Nutrition Information (Per Muffin):
- Calories: 70
- Carbohydrates: 2g
- Protein: 6g
- Fat: 4g
- Fiber: 0.5g
- Sodium: 95mg
- Vitamin A: 15% DV (from those colorful vegetables)
- Vitamin C: 20% DV (hello, bell peppers)
- Calcium: 8% DV (thanks, cheese)
These vegetable egg muffins deliver quality protein to keep you satisfied all morning, plus vitamins from colorful vegetables. At only 70 calories each, you can eat 2-3 for a complete breakfast without guilt.
Notes:
- Seriously, grease that pan generously or you’ll be scraping stuck egg for twenty minutes
- Whisk the eggs until frothy for maximum puff—streaky eggs make dense muffins
- Dice vegetables small and uniform so they distribute evenly
- Don’t overfill the cups or they’ll spill over and create a mess
- They continue cooking from residual heat, so don’t overbake
- Let them cool for 5 minutes before removing or they’ll fall apart
Storage Tips:
- Keep in an airtight container in the fridge for up to 5 days
- Freeze individually wrapped in plastic wrap for up to 3 months
- Reheat refrigerated muffins in the microwave for 30-45 seconds
- Reheat frozen muffins for 60-90 seconds, or thaw overnight first
- They’re actually pretty good cold straight from the fridge if you’re really rushed
- Don’t stack them while still warm or the condensation makes them soggy
Serving Suggestions:
- With toast: Serve alongside whole grain toast with avocado for a complete breakfast
- Breakfast sandwich: Split a muffin and stuff it in an English muffin for portable breakfast
- With salsa: Top with fresh salsa and Greek yogurt for Southwestern breakfast vibes
- Snack option: Eat cold as a high-protein afternoon snack instead of chips
Mix It Up (Recipe Variations):
- Caprese Egg Muffins: Use mozzarella, diced tomatoes, and fresh basil for Italian breakfast flavors
- Southwestern Egg Muffins: Add pepper jack cheese, diced jalapeños, and a pinch of cumin for spicy kick
- Greek Egg Muffins: Use feta cheese, sun-dried tomatoes, olives, and oregano for Mediterranean vibes
- Meat Lover’s Version: Add crumbled cooked bacon, diced ham, or cooked turkey sausage for extra protein
What Makes This Recipe Special:
These vegetable egg muffins solve the eternal breakfast problem of wanting something nutritious but having zero time in the morning.
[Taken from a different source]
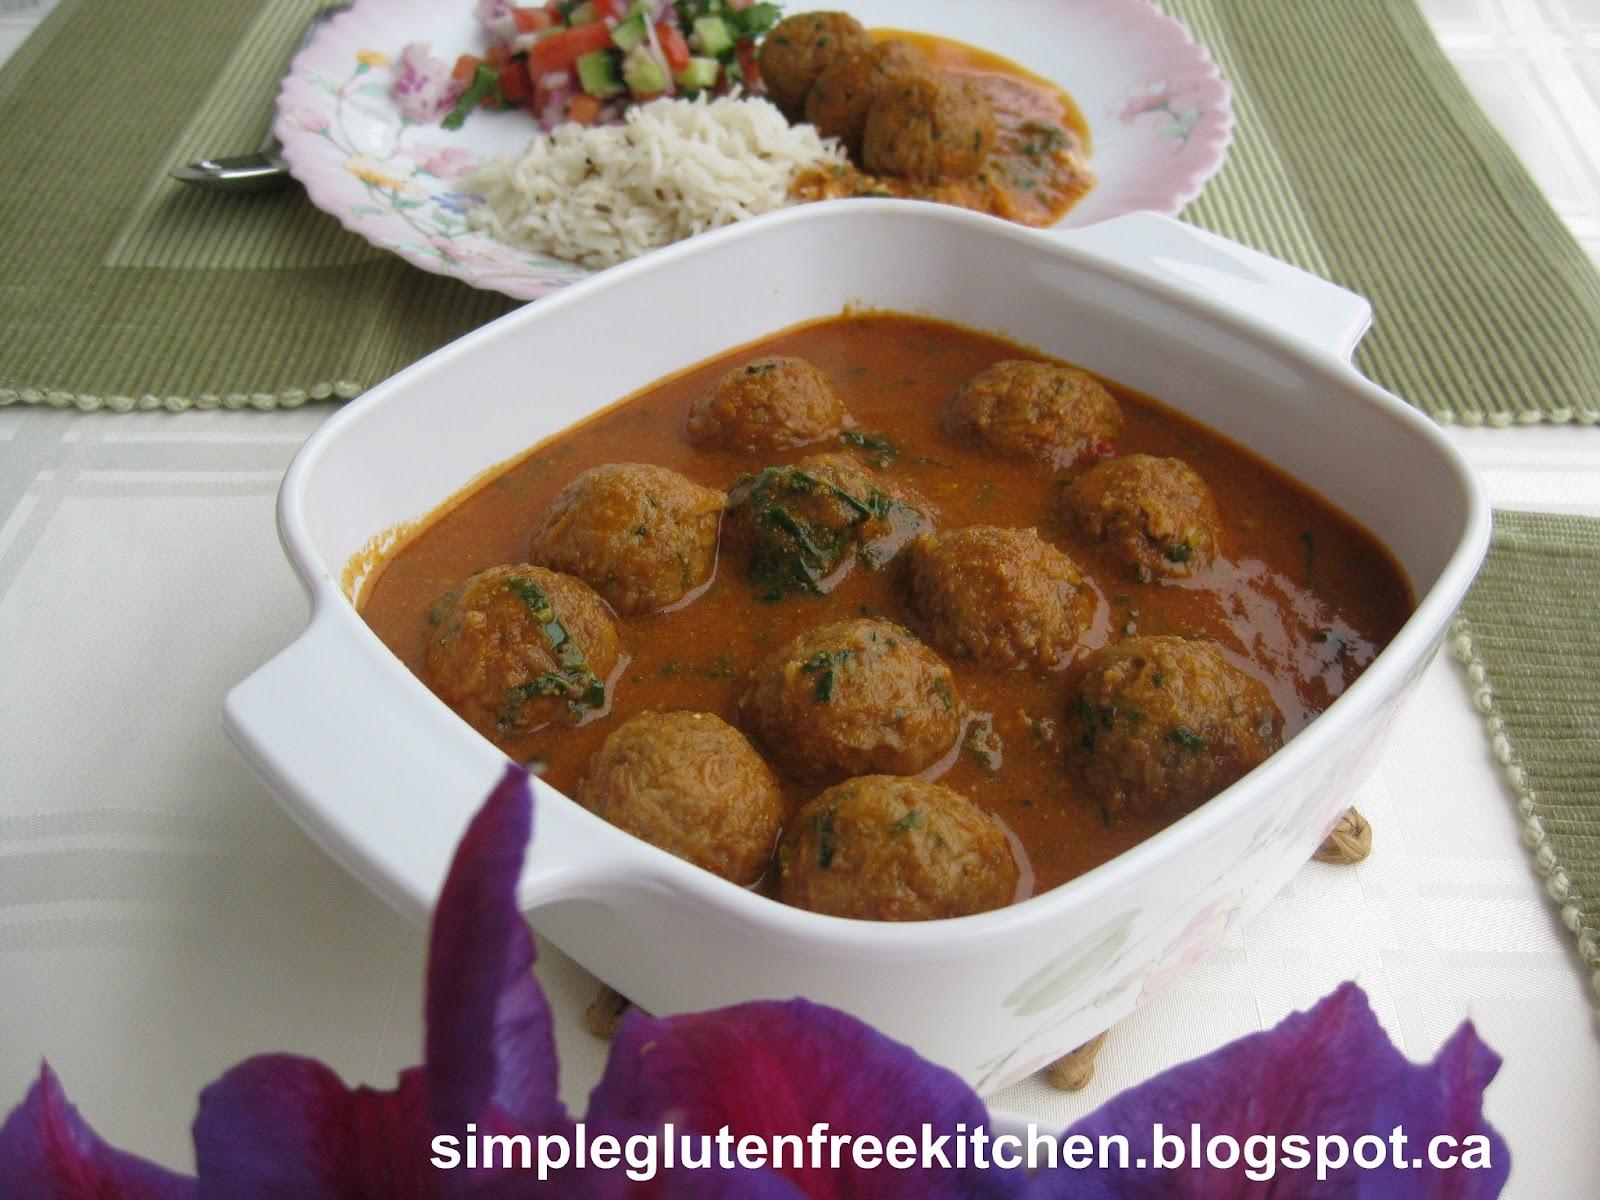 Lotus Root Kofta Curry Weekend Brunch Simple Gluten Free Kitchen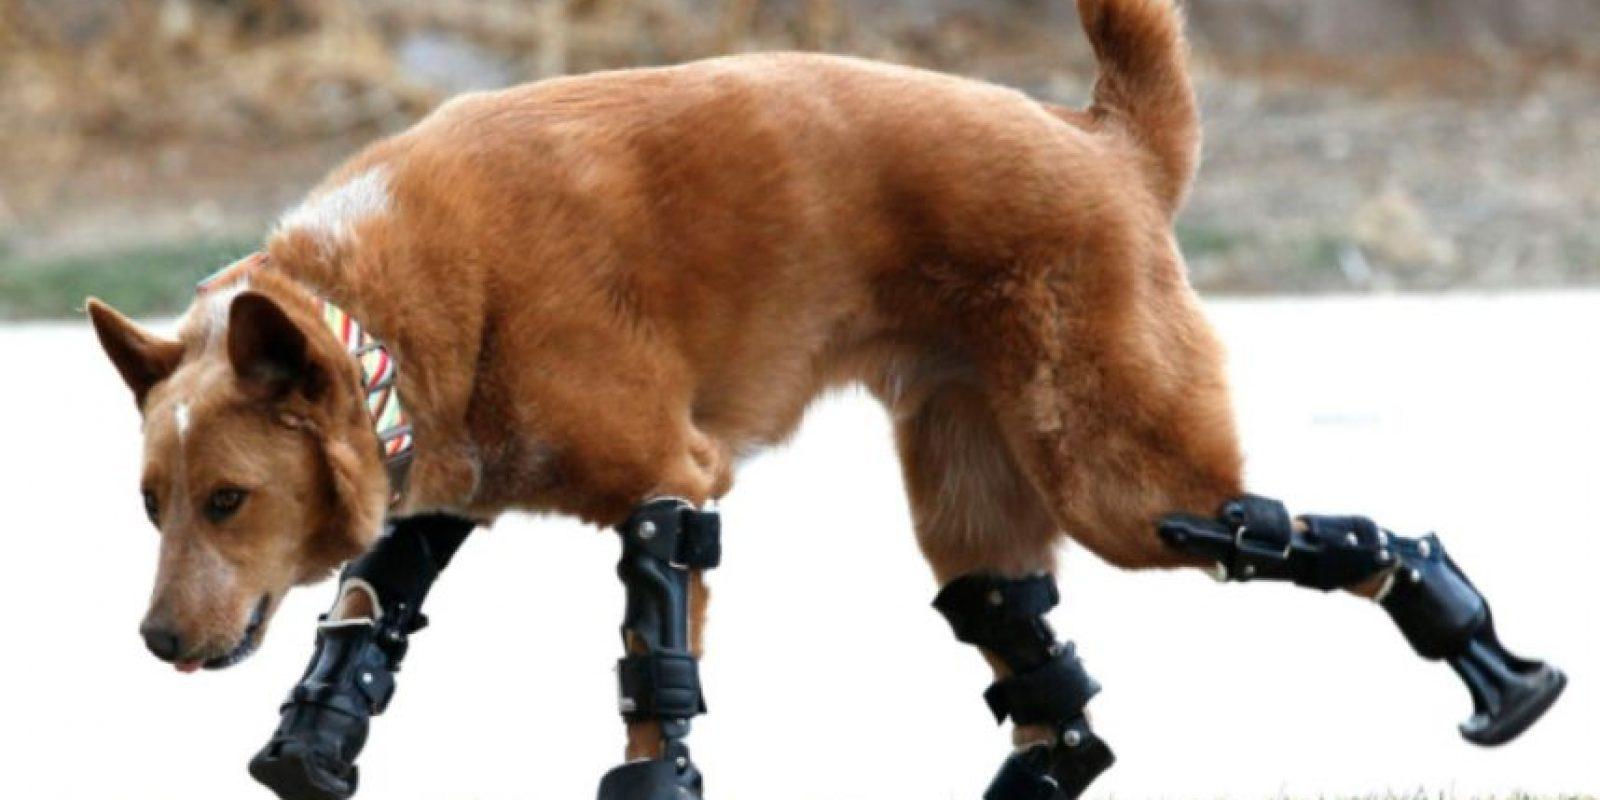 Ortopedia para mascotas Foto:Tumblr.com/Tagged-perros-sorprendentes

Baking eggs in muffin tins creates perfect portions that reheat beautifully without becoming rubbery like scrambled eggs often do. The combination of protein from eggs, fiber from vegetables, and calcium from cheese creates balanced breakfast that stabilizes blood sugar instead of causing mid-morning crashes—they’re the meal prep solution that actually tastes good all week long.